__Problem description__. The pictures get left out, but everything else in the listing below must be duplicated exactly.

__The data__.
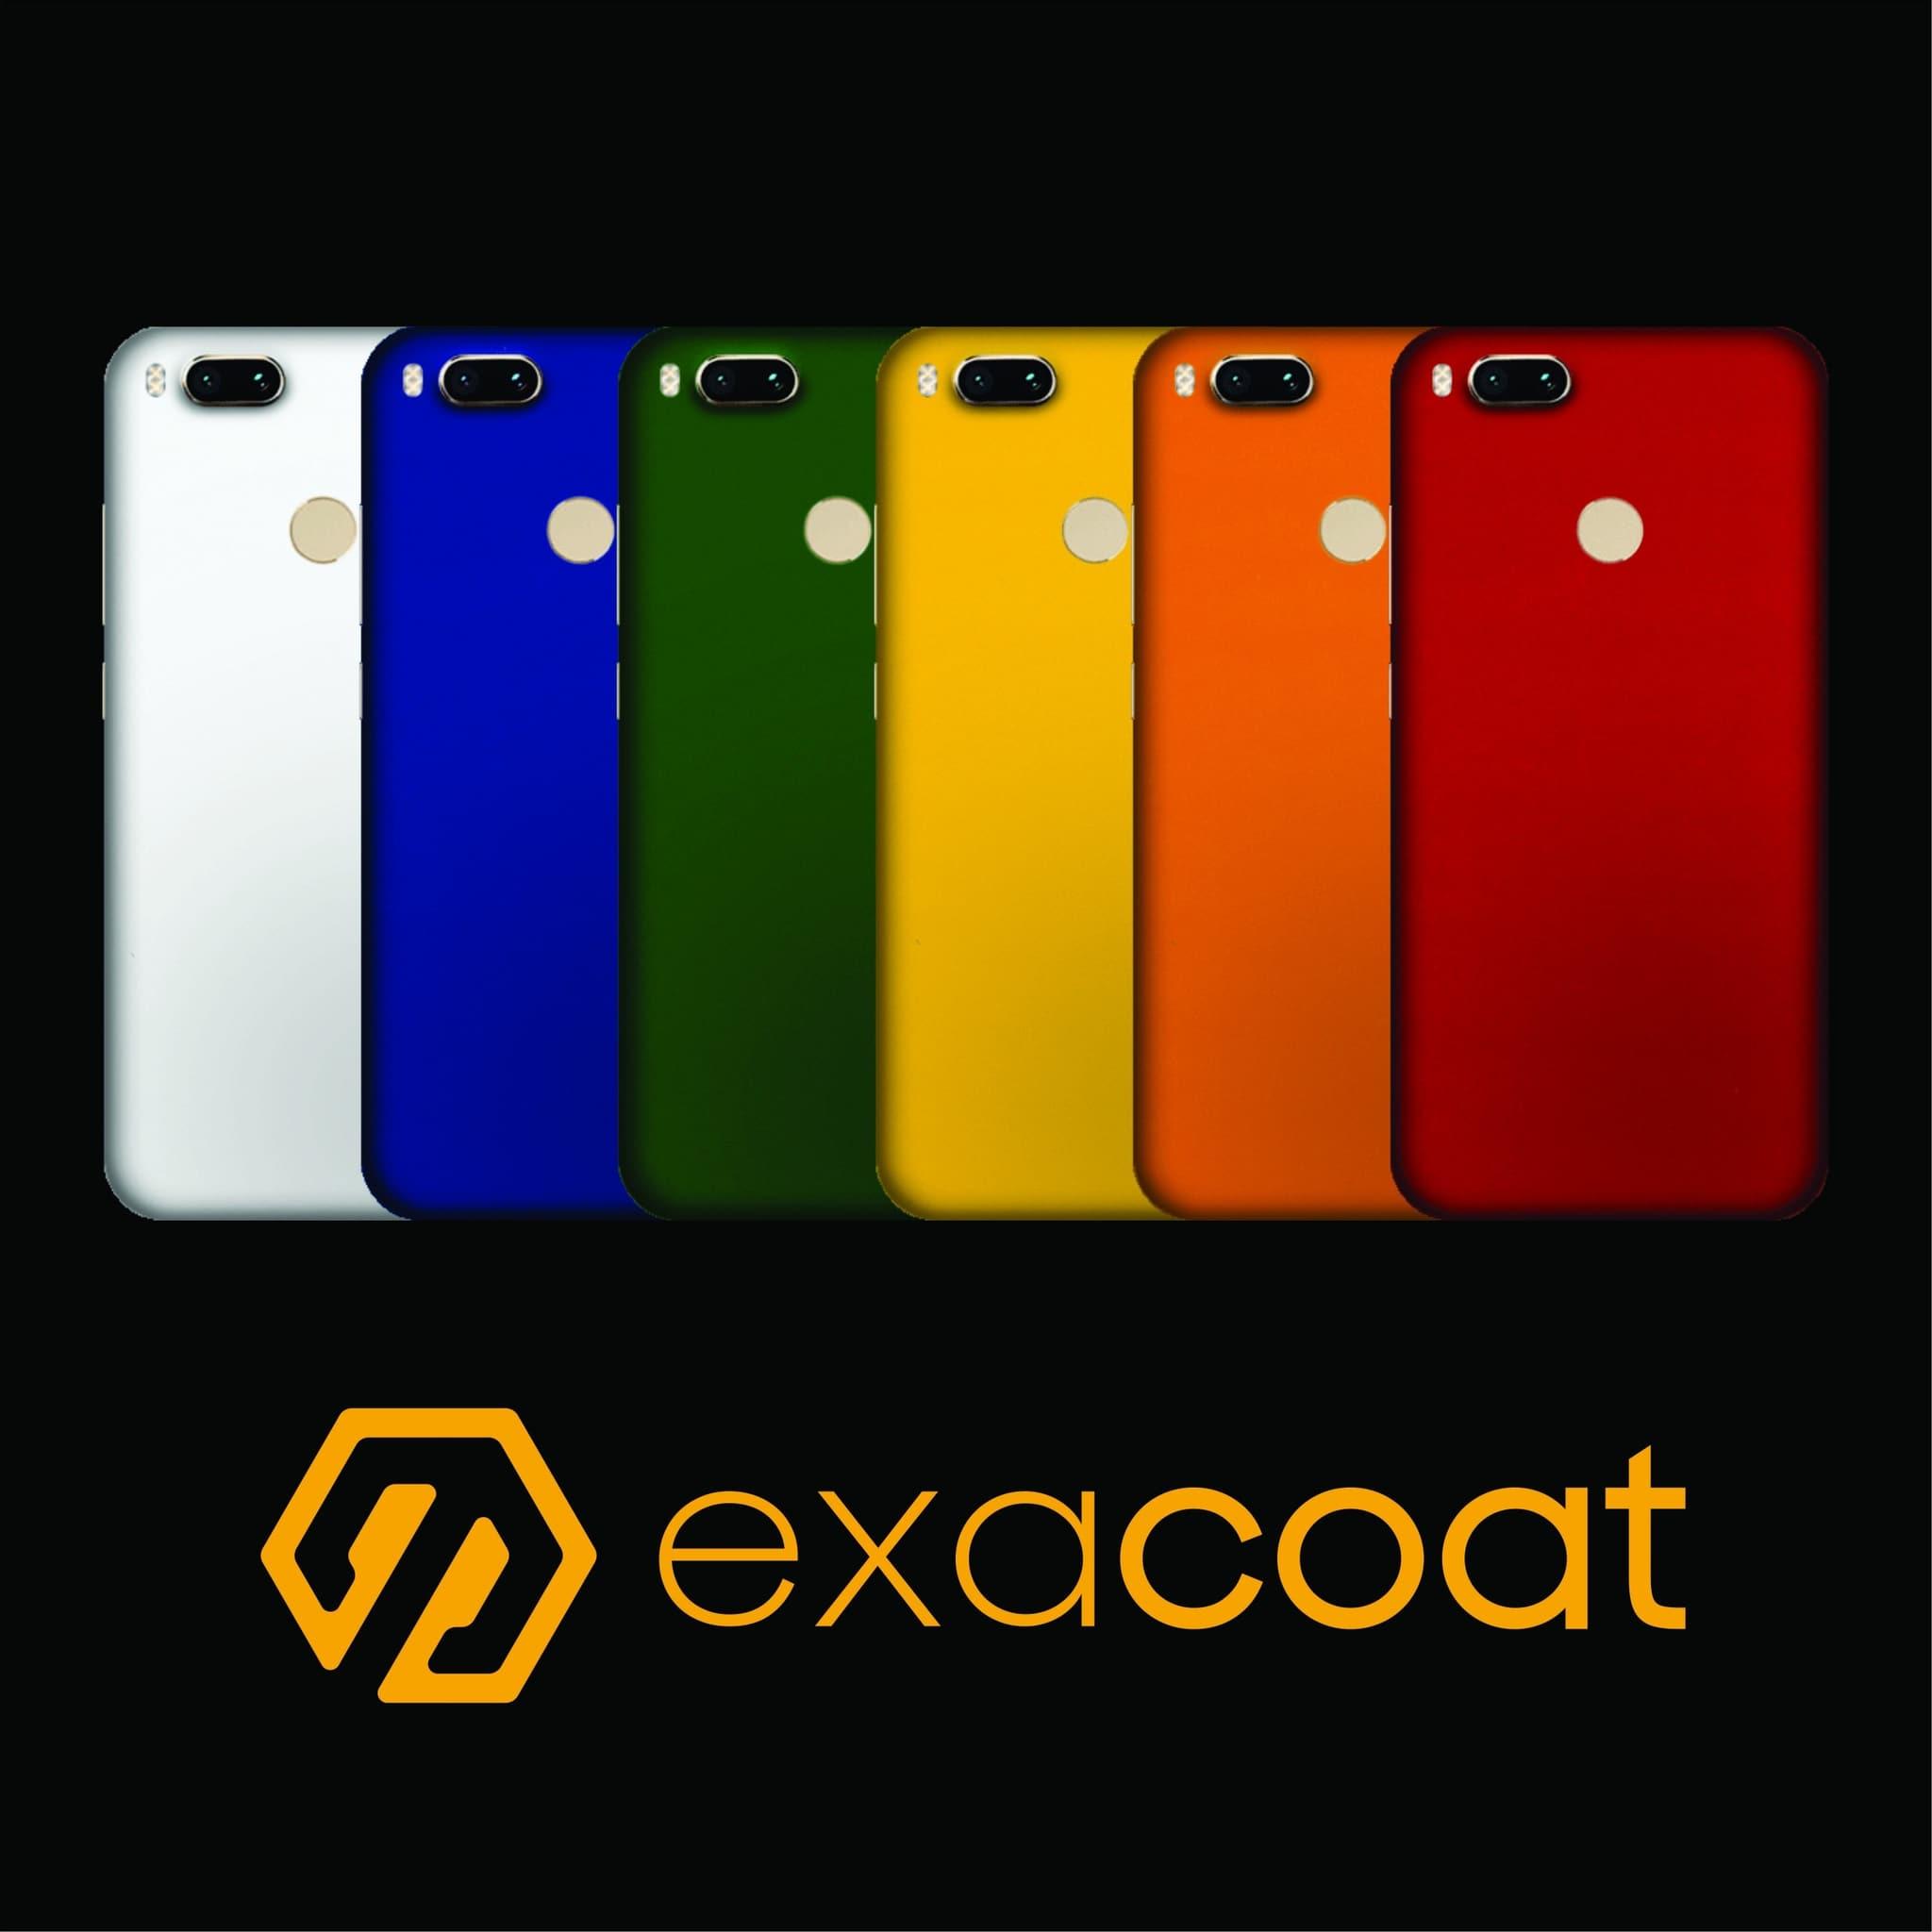 Jual [EXACOAT] Xiaomi Mi A1 3M Skin Garskin True Colors Exacoat
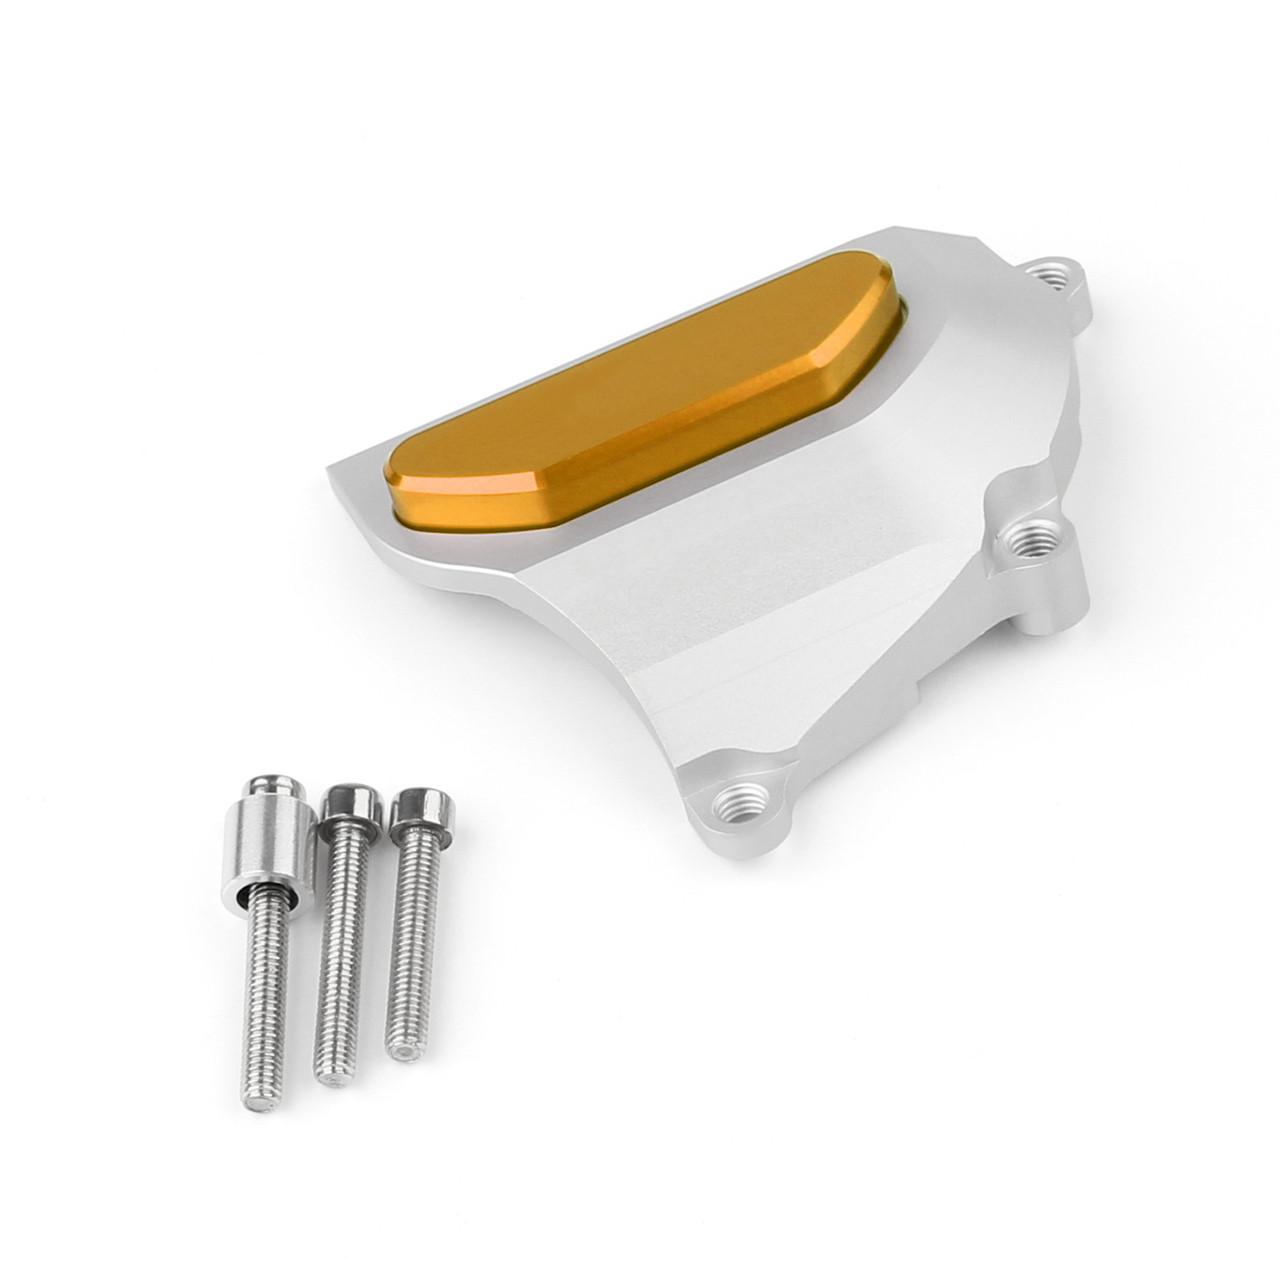 http://www.madhornets.store/AMZ/MotoPart/Engine%20Stator%20Cover%20Slider/Engine-B008/Engine-B008-Gold-1.jpg
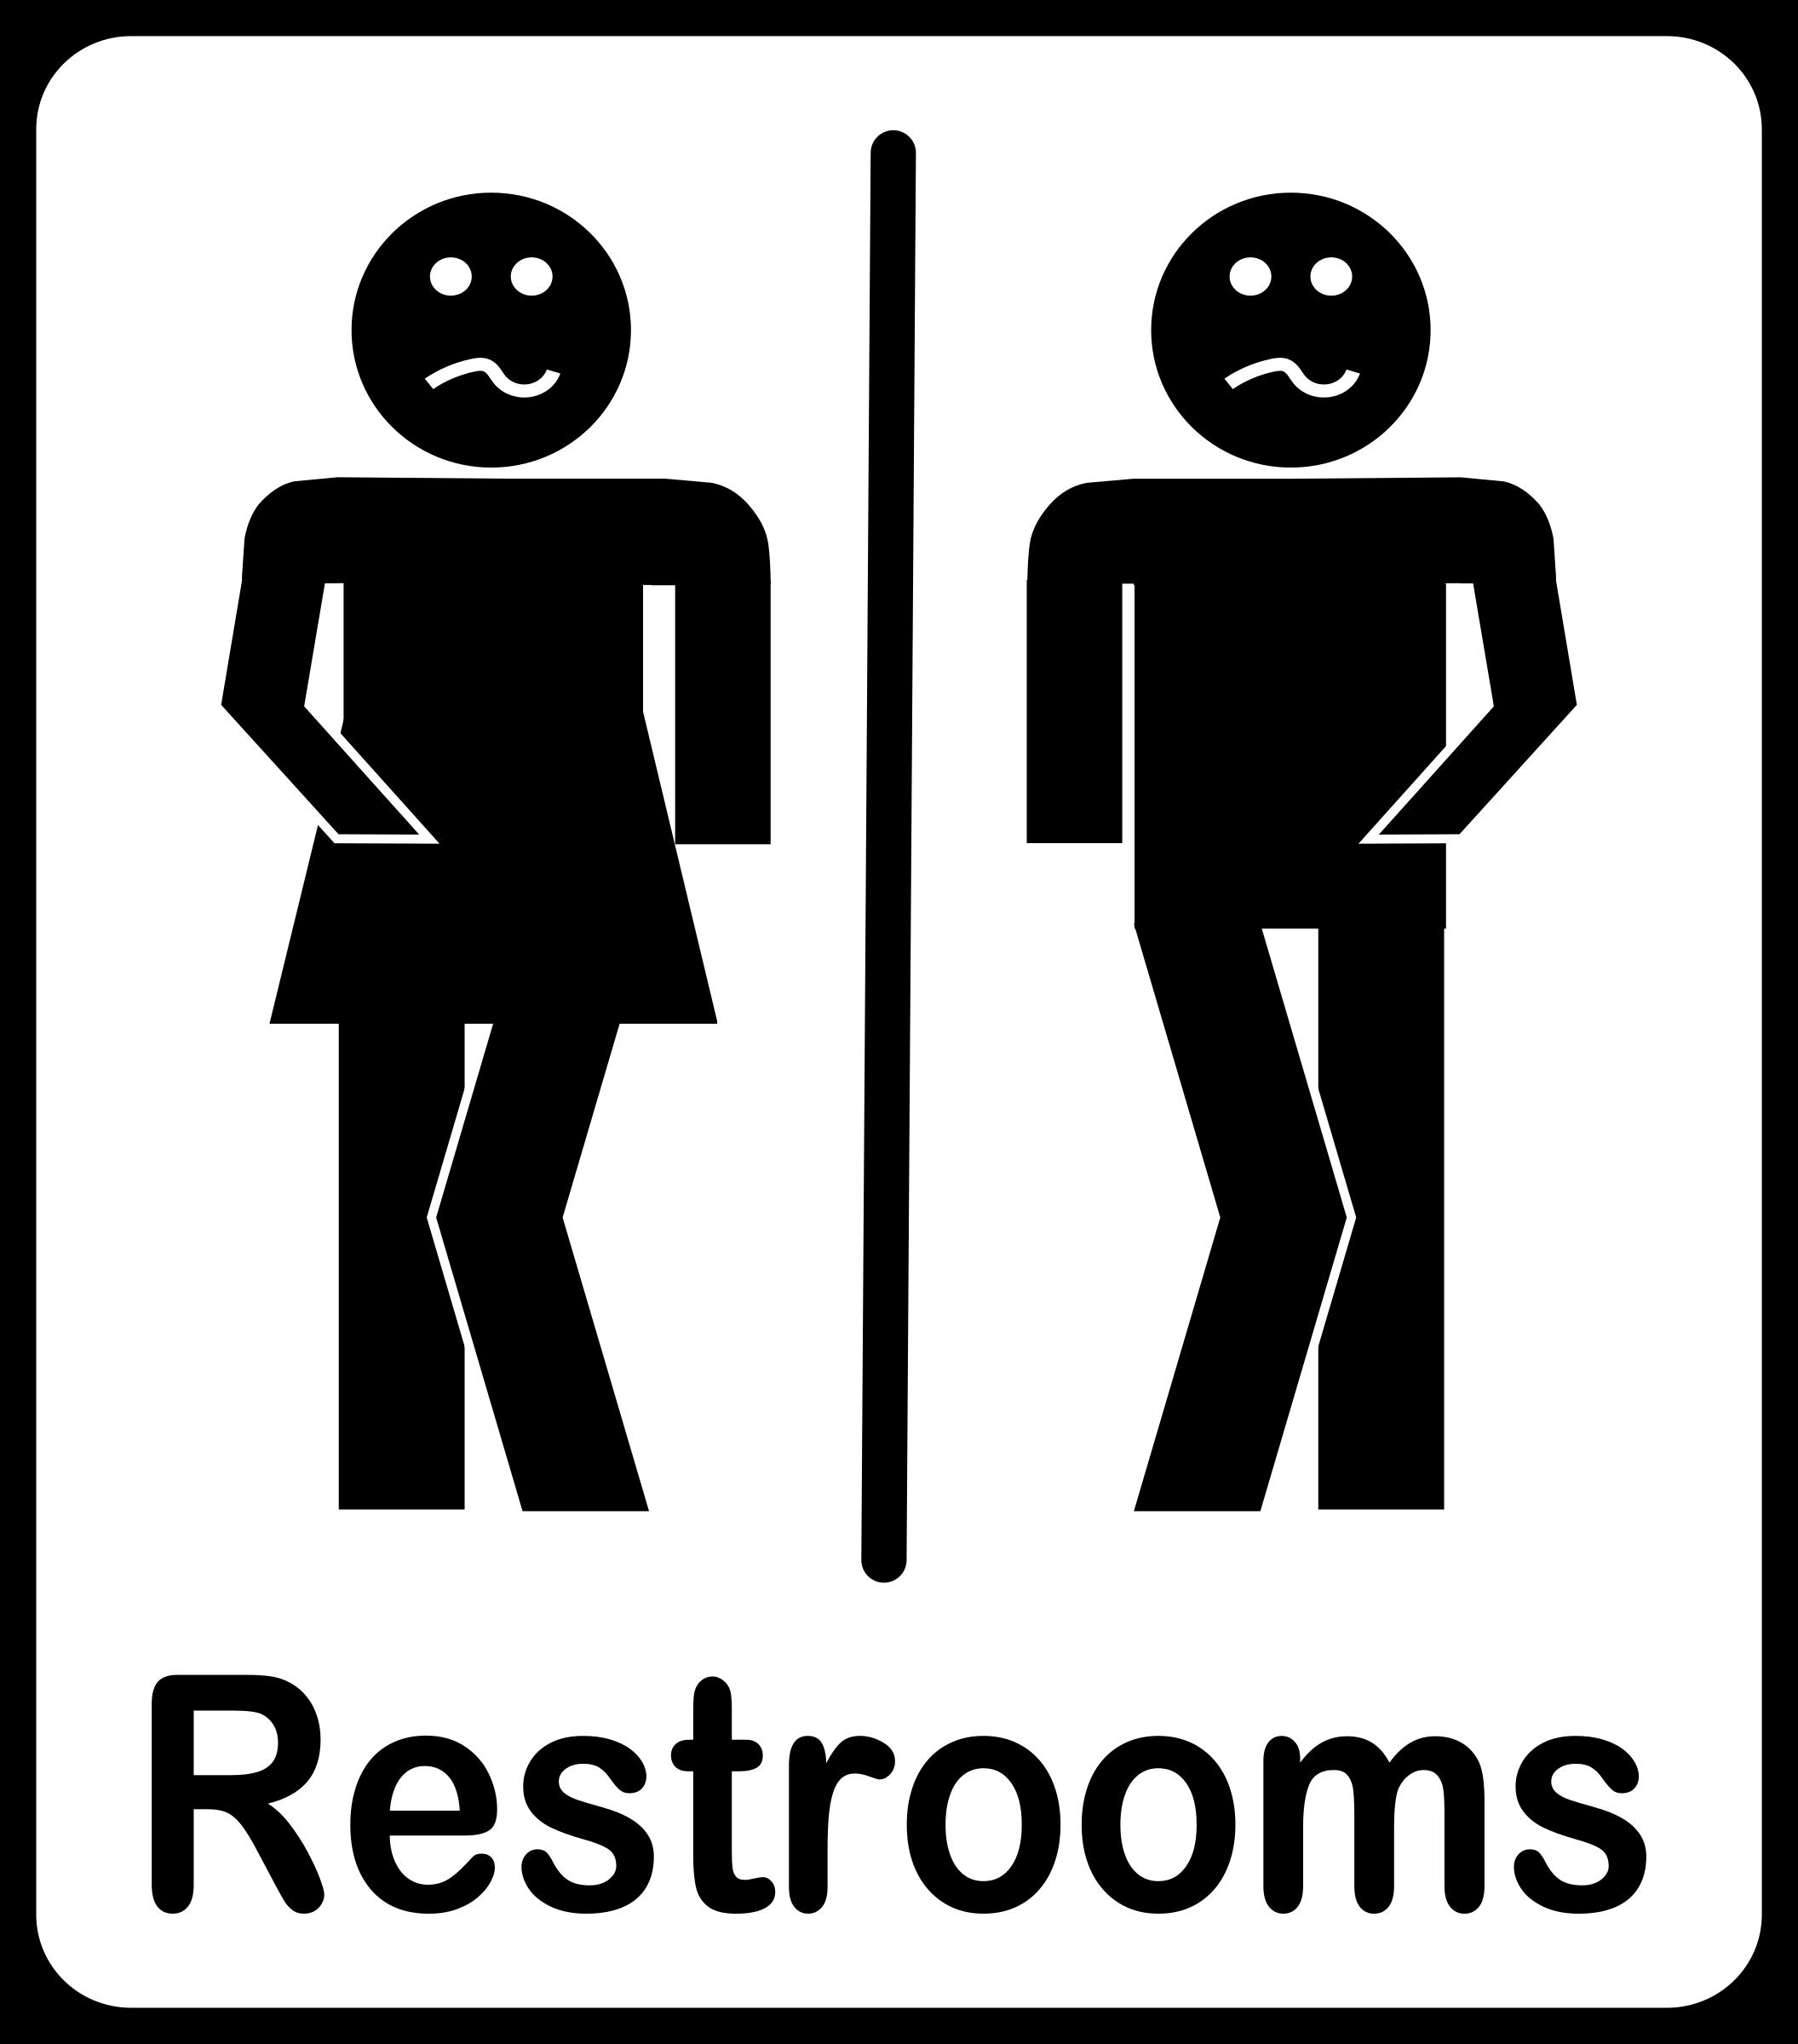 BIG IMAGE (PNG) - PNG Restroom

__Problem solution__.
 Jual [EXACOAT] Xiaomi Mi A1 3M Skin Garskin True Colors Exacoat
 http://www.madhornets.store/AMZ/MotoPart/Engine%20Stator%20Cover%20Slider/Engine-B008/Engine-B008-Gold-1.jpg
 BIG IMAGE (PNG) - PNG Restroom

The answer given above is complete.